Within the twinkle of an eye (or should I say the movement of a shadow?), 3 people had left the bus. N300 gone. Just like that. Another space worth of N100 was also on the verge of becoming vacant. Going. Going. Gone! At that moment of reality, it dawned on the driver that if he did not stop fooling himself, he would lose the remaining passengers before his very eyes.

At this point, knowing that we now had him at our mercies, we all threatened to board another bus. ‘E ma binu’(don’t be angry) became his outburst. One of us then told him that for wasting our precious time, we all would pay N20 less the original fare. He accepted this offer with arms wide open.

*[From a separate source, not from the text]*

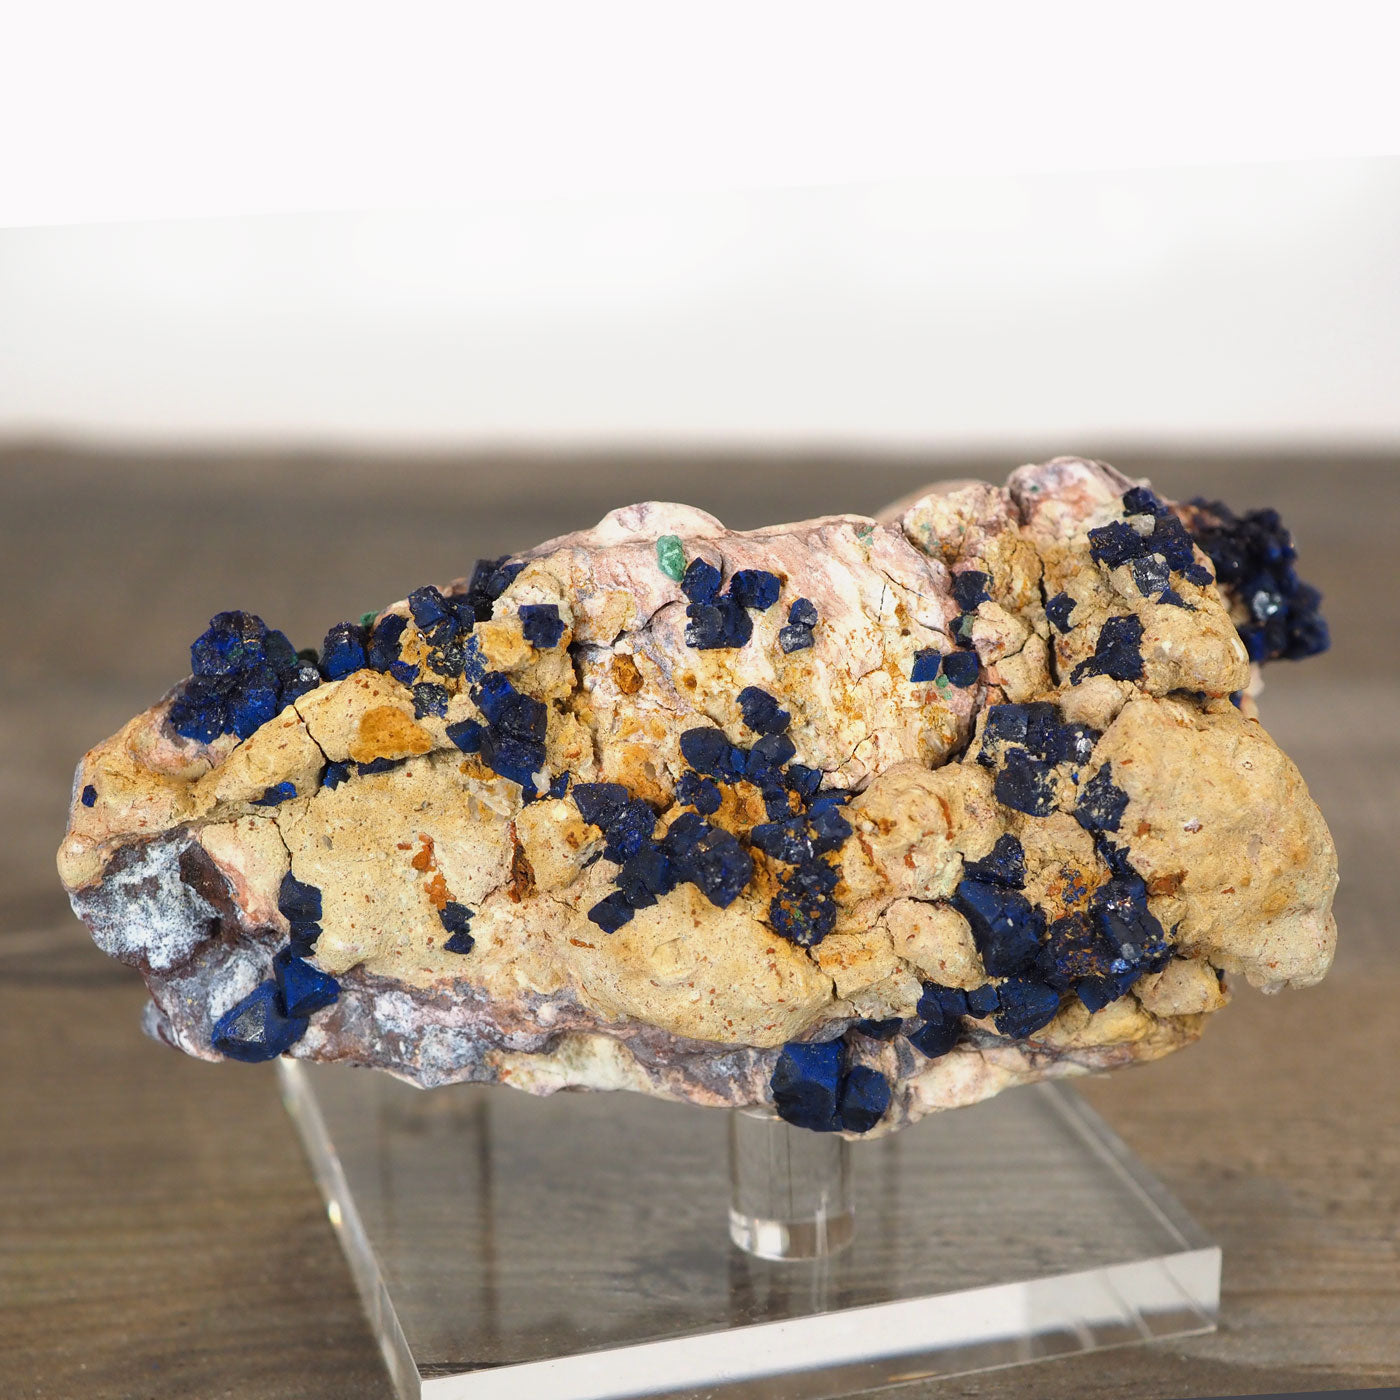 Sparkling 4" long Azurite Clusters in Matrix

Pride, they say comes before downfall and greed is the machine that pushes one into the factory of regrets and helplessness. This I learnt from my experience in Bus 2.

All in all, I had fun.

Mariere Madness...





‘I wan confess oh! I wan confess oh!’

This was the exact echo that woke almost half of Mariere’s inhabitants this fateful morning. For those of you who might not know where or what Mariere is, it is arguably the most sort after male hostel in the University of Lagos. Not only because it is known as the Scholars’ Hall (some may say it is living on ‘past glories’), but also because it is relatively conducive and peaceful compared to the other hostels (no disrespect).


By morning, I mean 2am. You can imagine the gravity of this outburst at this time of the day. Well, because this was an unusual occurrence in Mariere, we (at least those who woke up), ventured to find out what the problem was. Tracing the particular room from which the noise emanated was far from being easy. At last, we got to the room! One of the rooms on the 3rd Floor!


Upon getting to this room, we met a heavily sweat-drenched guy on the floor. ‘What is the matter?’- most people asked him. ‘I wan confess oh’ – he continued. An already frustrated fellow from the back of the crown then let out his fury, saying- ‘confess now or never’.
Instantaneously, the most ridiculously and unimaginable answer i have ever heard followed. ‘I dey Hungry!’ Yes. That was the confession ‘our guy’ wanted to make.


Right there and then, if i were to choose between letting this guy go without a scratch on his skin and jumping into the Lagoon from the 3rd Main Land Bridge, i would gladly have chosen the latter option. As a matter of fact, my palm was some split seconds away from stamping his fairly-toned cheek when he screamed, ‘April Fool, April Fool!’


At that moment, it dawned on all of us present in that room that it was 1st of April! Oh My God! How come not even one of us thought of that? HE outsmarted us. Plain and Simple!